Information provided:
Start of Block

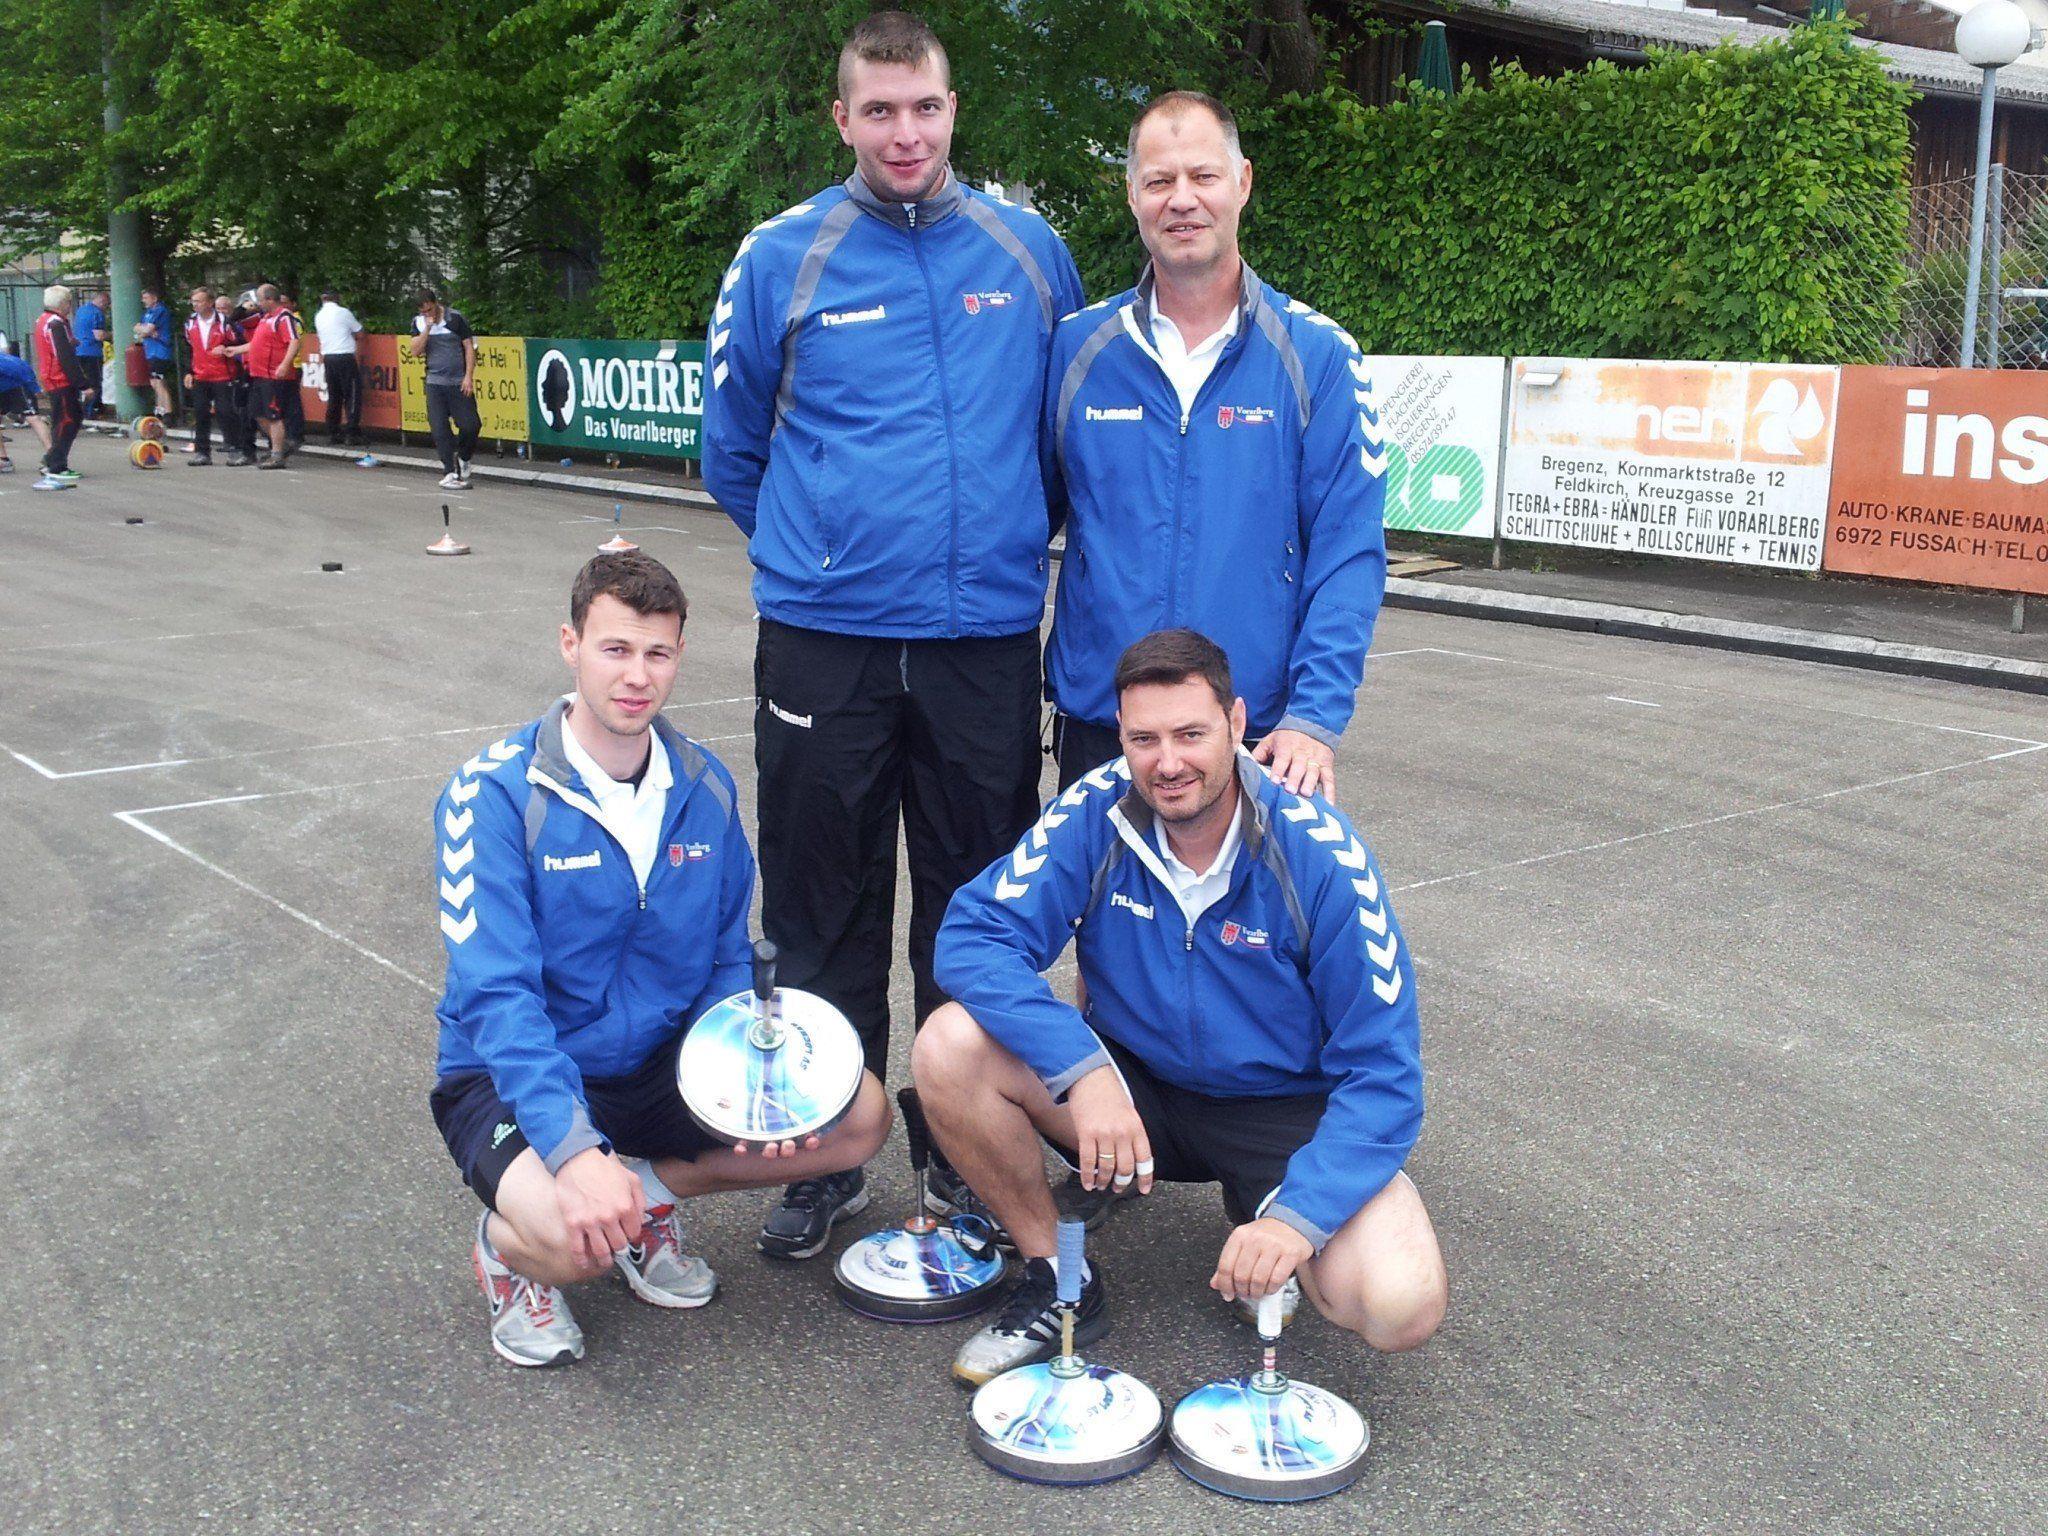 Das siegreiche Team: Abraham Sohm, Patrik Plangger, Christoph Sohm, Stefan Pienz
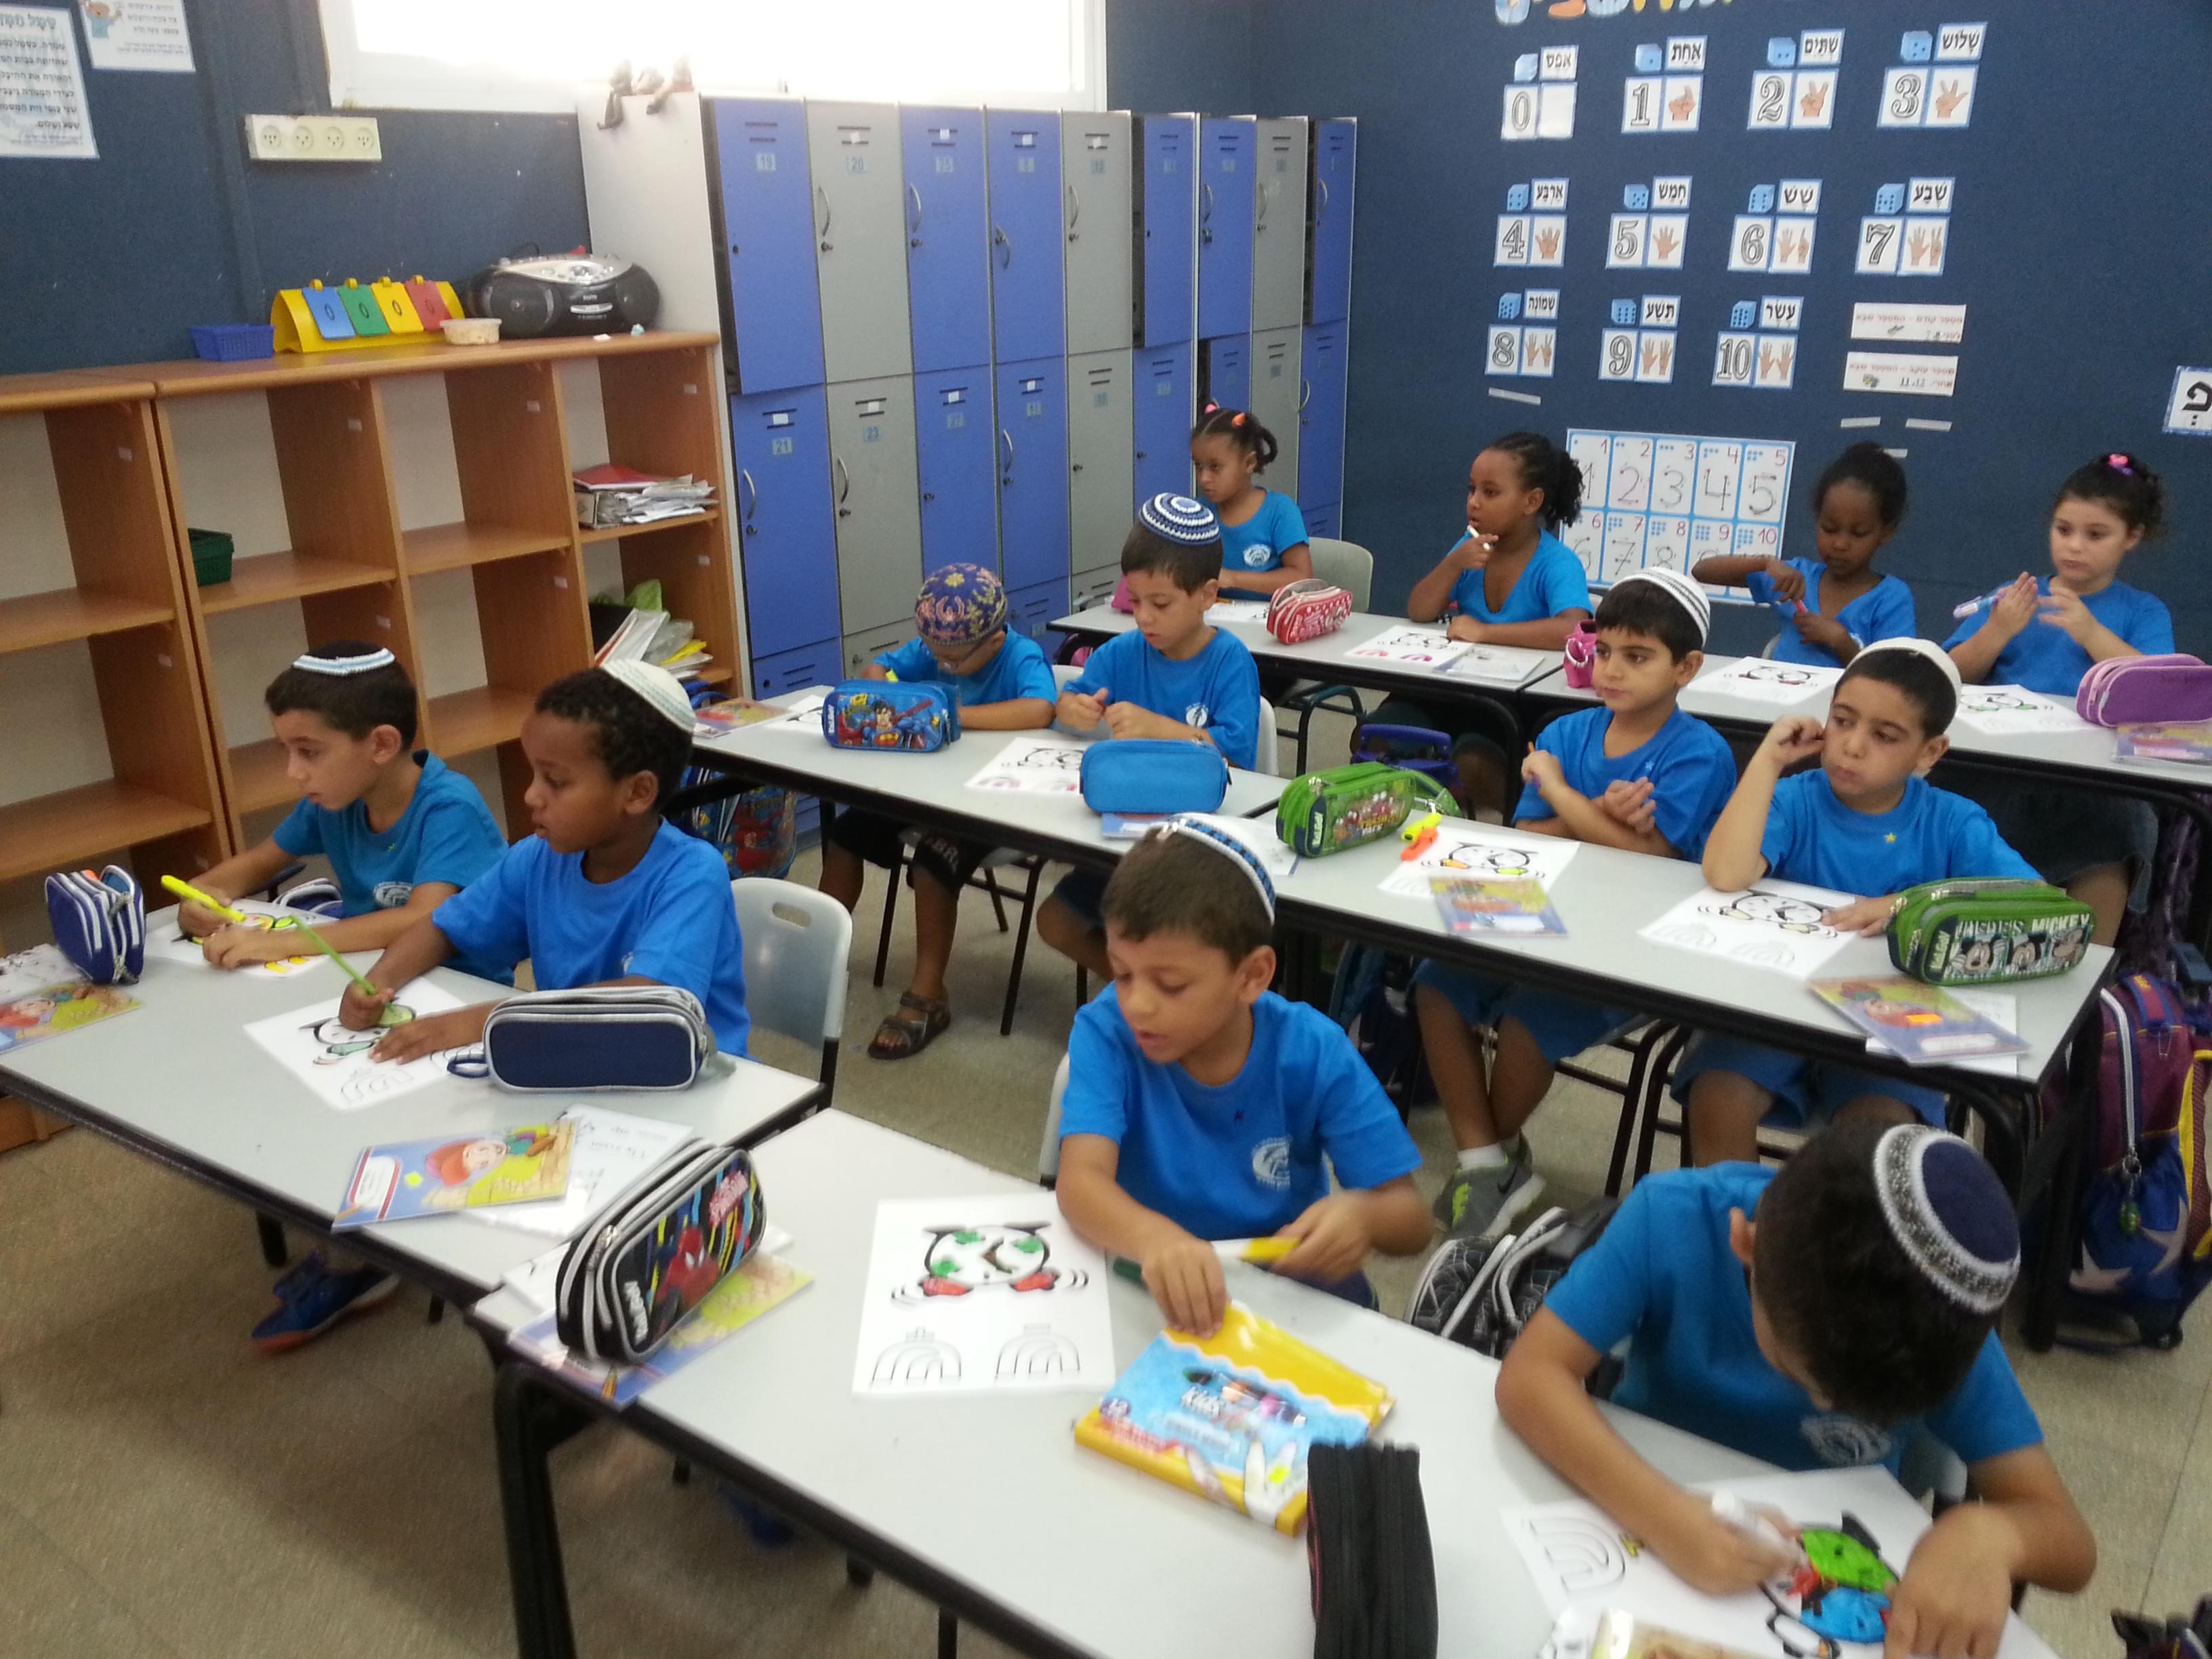 מעבדת חדשנות- כיתת 2021 אורטל אסולין by ortalasulin - Illustrated by אורטל אסולין - Ourboox.com
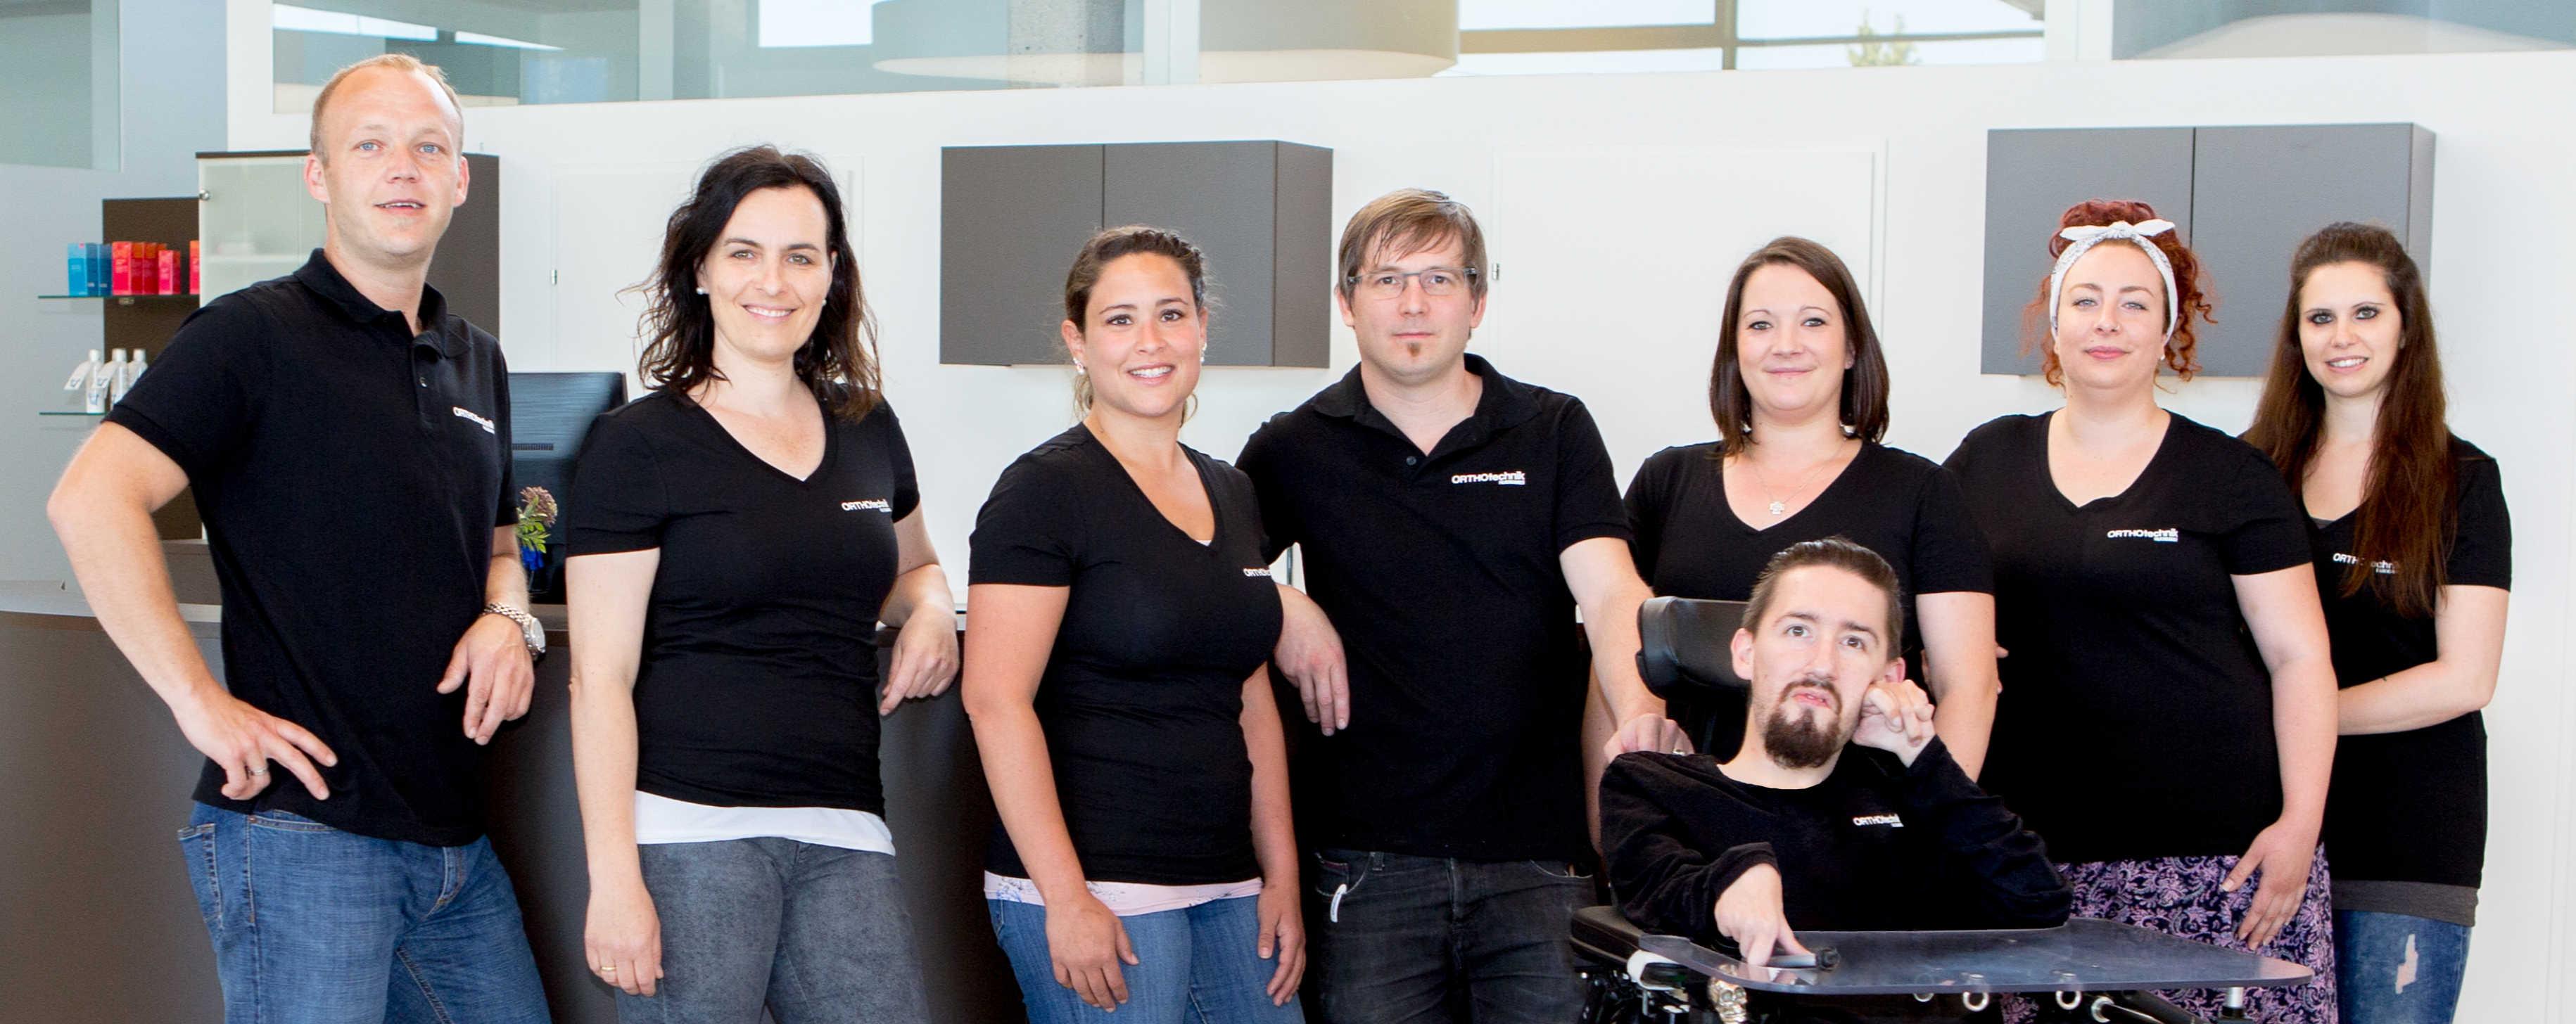 ORTHOtechnik_Team

End of Block

Exercise prompt:
Would you please output the listing above exactly, leaving out the pictures?

Solved exercise:
 Das siegreiche Team: Abraham Sohm, Patrik Plangger, Christoph Sohm, Stefan Pienz
 מעבדת חדשנות- כיתת 2021 אורטל אסולין by ortalasulin - Illustrated by אורטל אסולין - Ourboox.com
 ORTHOtechnik_Team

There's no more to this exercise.